I am a mum and work full-time, I am responsible for most of the housework and all the cooking.
So what does he do?

Moans!

TheHistorian · 28/02/2025 17:17

@2025willbemytime , omg, I'm starting to think these men all do the same things which is interesting as perhaps there's a predictable pattern to them, a personality type.

My ex husband was a high earner, used me as his service human, gave me the same 'pocket money ' for years and had zero empathy for how my life felt. I ended up much better off financially divorced. However, mine didn't hide the money, he spent it on himself. He also had zero interest or clue about our daughter - contact stopped very quickly, especially when he got a girlfriend.

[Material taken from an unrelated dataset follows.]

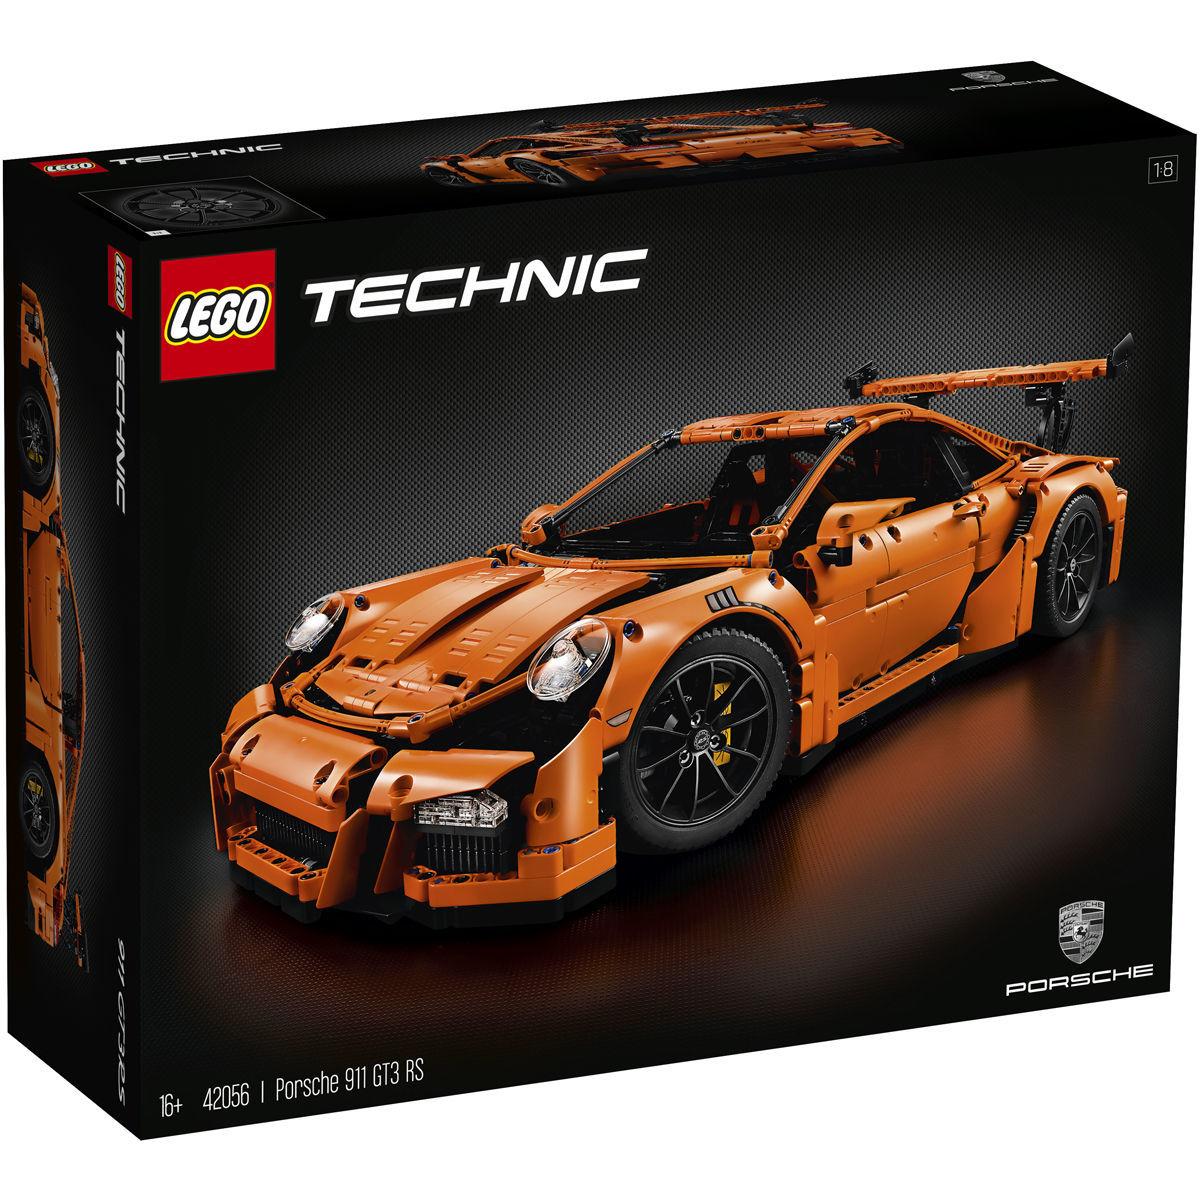 [KARSTADT] 20% Rabatt z.B. auf LEGO® Porsche 911 GT3 RS 42056 für 239 EUR oder LEGO® Star Wars 75094 Imperial Shuttle Tydirium™ für 63,99 EUR statt 80,99 EUR Idealo
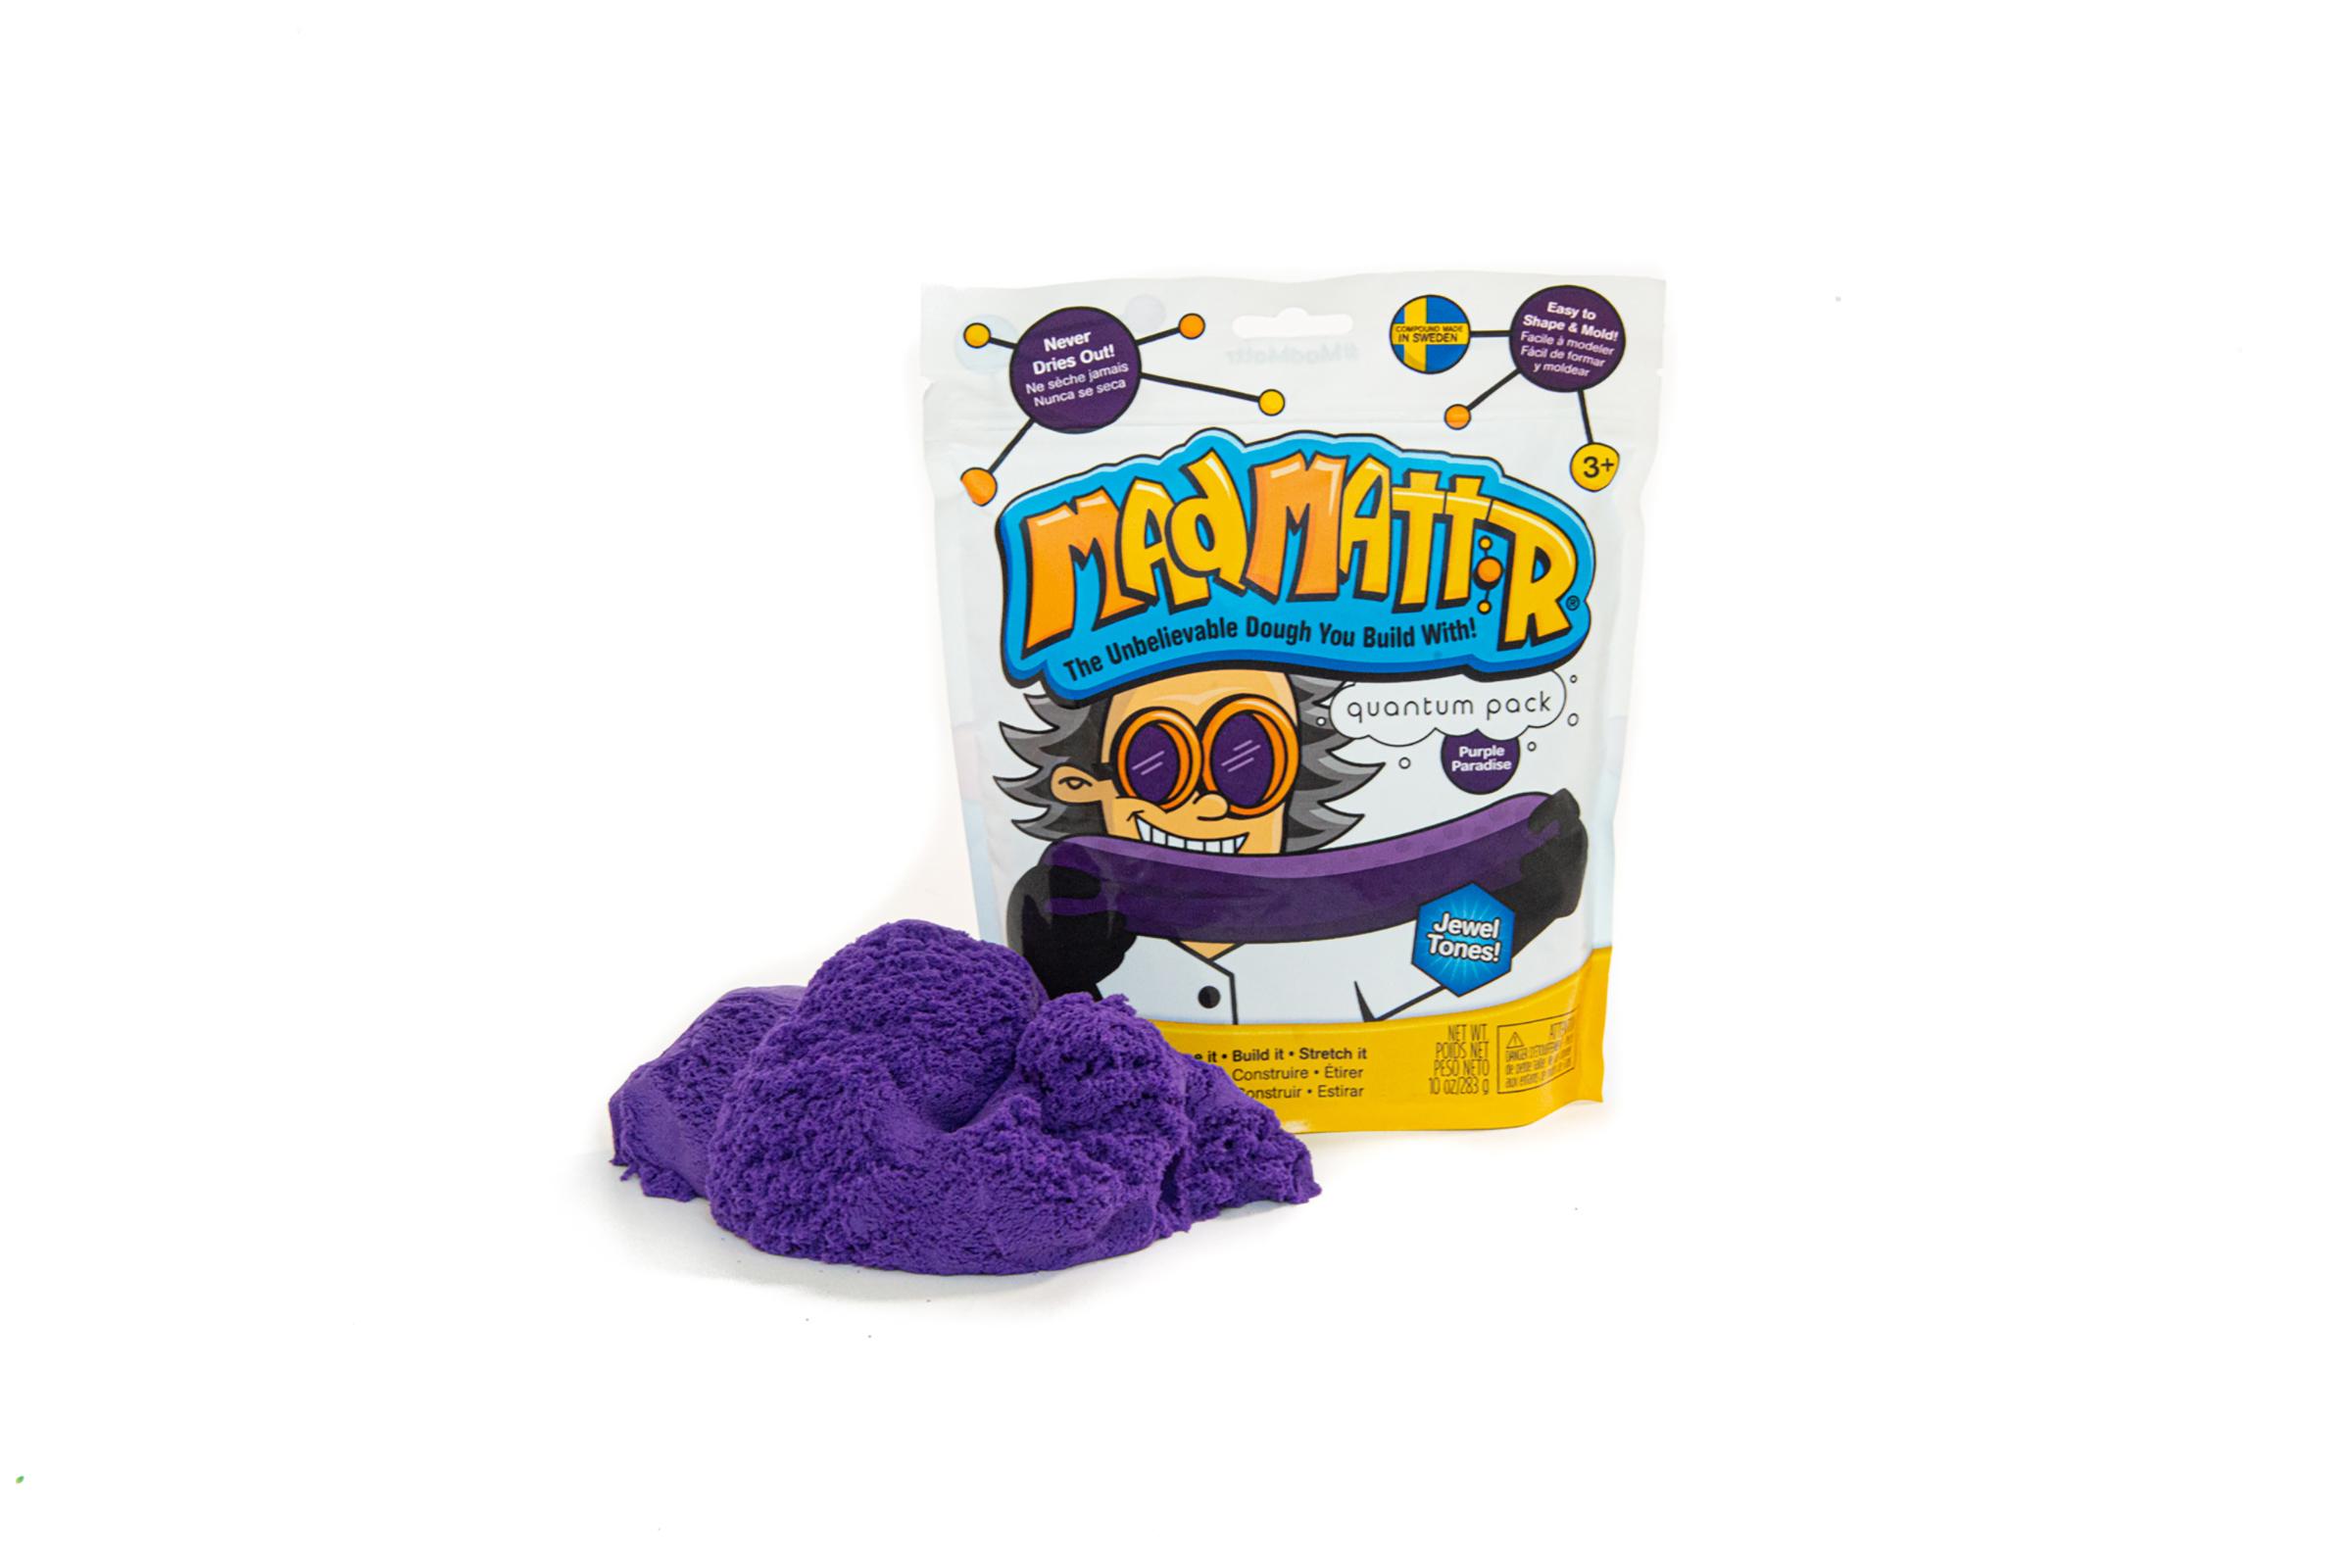 Quantum_Pack_-_Purple_Paradise_with_MM_-_hi-res.jpg

He got remarried very quickly and is now going through another divorce. I wonder why? He's also estranged from our daughter.

TheHistorian · 28/02/2025 17:18

@2025willbemytime yep, also manipulated my vulnerabilities regarding crappy childhood. Perhaps we should check it's not the same person 😂

NavyTurtle · 28/02/2025 18:03

I work full time as well as my dh. I leave before him and get in after him. I still cook as he is a feckless idiot in the kitchen. We play to our strengths. He does him and I do me. He will eat whatever I put in front of him. I am a good cook. He will clear up. He tells me he is grateful for whatever I give him. If however he started to dictate, and yes your oh sounds like a dictator, what I cooked, I would tell him to shove it up his arse and do it himself. You are enabling him. You know what you have to do.

MikeRafone · 28/02/2025 18:08

I've realised now he needs to cook for himself.

I know a couple and they cook for themselves, he has a very different diet for various reasons and so does she. There isn't any issue with it and it suits them.

anothernameanotherplanet · 28/02/2025 21:12

If I was as fussy/awkward/difficult I'd be cooking for myself and/or newly single!

prlofty · 28/02/2025 21:49

Vroomfondleswaistcoat · 27/02/2025 11:38

I had one of these. Wouldn't eat cheese either, unless it was 'orange, because only orange cheese is real cheese.' Cheesecake? No, because you can't have cheese and cake together (?!?!). Nothing creamy. All meat incinerated until so brown and stiff it could be anything. Rice pudding and soup had to be out of tins.

AND he couldn't cook! We lasted more years than we should have, and his fussiness about food (meaning eating out was almost impossible) was only one of the reasons we split, but it was a major contributor.

Is he Peter Kay’s dad - cheese and cake, garlic and bread.

d

its a taste sensation.

WanderingDreamingSpires · 01/03/2025 08:33

Jessa85 · 28/02/2025 12:32

Oh gosh I cannot remember if that was pre-pension or not, I know he has a good pension. I will for sure be talking to the solicitor about all of this to find out what I need to do, thank you @0ctavia

Don't forget that tax will take a big whack. Is the 105k gross or net? If gross, he'll be paying 40% tax on it, so maybe not as much as you think (still double yours though) If net-the fucker has LOADS stuffed away and you should presumably be entitled to 50% in a divorce. A shopping spree for some less 'drab' clothes and spa weekend should be first on the list :)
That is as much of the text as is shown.